BitMEX commodity perpetual swaps have exploded by 65,463% in the first quarter of 2026. Weekly trading volume surged from $38.1 million to $25 billion, according to a report published by the exchange. The dramatic growth reflects a shift in trader behavior. Geopolitical tensions are driving demand for round-the-clock exposure to tokenized versions of gold, silver, and crude oil. These assets traditionally close overnight and on weekends.
Silver’s emerged as the dominant asset. It captured 34.8% of the tokenized commodity market share by mid-March 2026, according to BitMEX. Crude oil followed at 27.7%. Gold at 27.5%. Silver contracts on Hyperliquid accounted for 6%. BitMEX added crude oil perpetuals in March.
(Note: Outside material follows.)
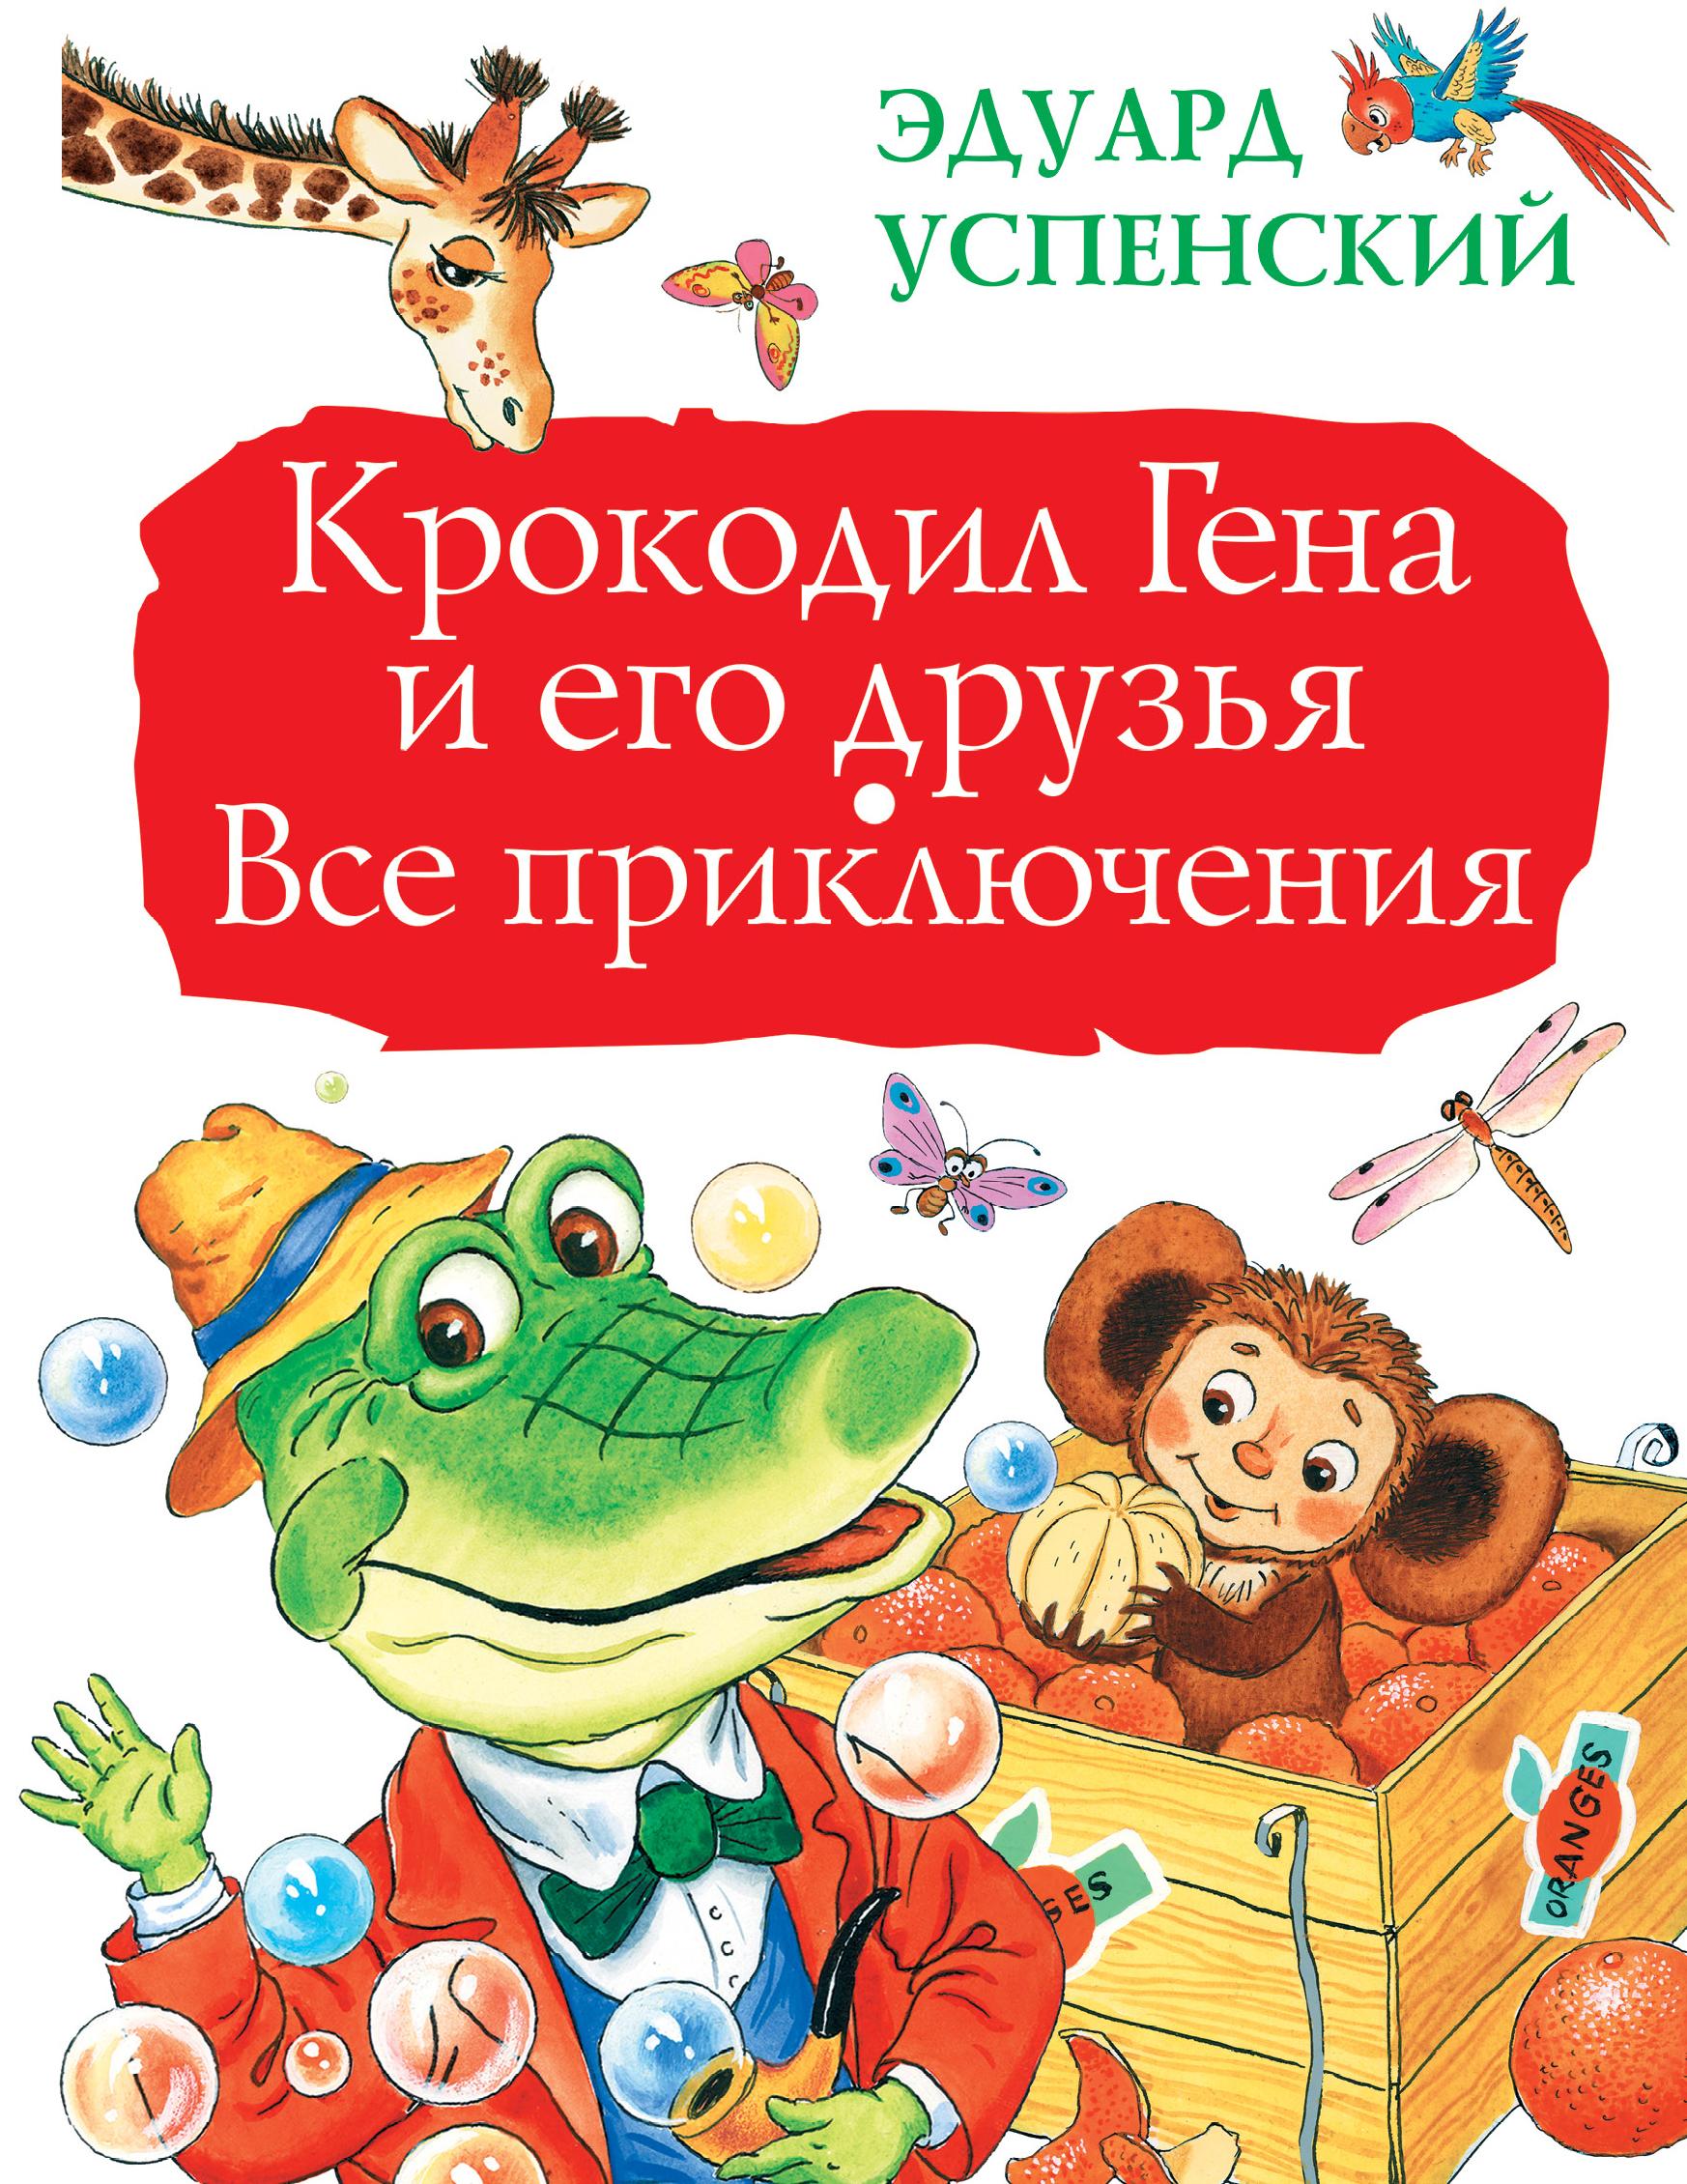 Аудиосказка онлайн крокодил гена и его друзья, читает кликачева антонина, шишигина. Другие книги автора «э. Успенский» посмотреть все.

The exchange described it as a “new leg” of activity. It’s closely tied to Iran-related geopolitical risks and trader appetite for continuous market exposure.
Brent crude prices have climbed approximately 44% since late-February. U.S. and Israeli strikes on Iran triggered the move. Prices rose from roughly $69 to above $99 per barrel. Brief spikes hit $114—the highest level since the conflict began, according to the report. These sharp moves have amplified the appeal of onchain commodity derivatives. Traders can respond to developments in real time. That includes weekends. Traditional commodity markets remain closed.
“Onchain perps will keep gaining share from traditional commodity venues, especially while incumbents like CME lack 24/7 markets,” said Stephan Lutz, CEO of BitMEX. Lutz expressed skepticism about fully tokenizing spot commodities. Complex legacy legal frameworks stand in the way. But he expects derivatives growth to continue.
The report noted something interesting. Trading volumes surged. But the overall onchain commodity market cap decreased by 2.7% to $7.34 billion. BitMEX isn’t alone in expanding the sector. Binance has also rolled out popular gold and silver perpetual contracts, according to the report.
These perpetual swaps function as futures-like contracts without expiration dates. They trade continuously. The format has become the fastest-growing segment of traditional finance–style derivatives offered on crypto venues in early 2026, according to BitMEX. The ability to trade through “weekend dislocations” has proven particularly attractive. Those are price gaps that occur when traditional markets reopen after geopolitical events. Derivatives traders are attempting to arbitrage or hedge positions outside conventional trading hours.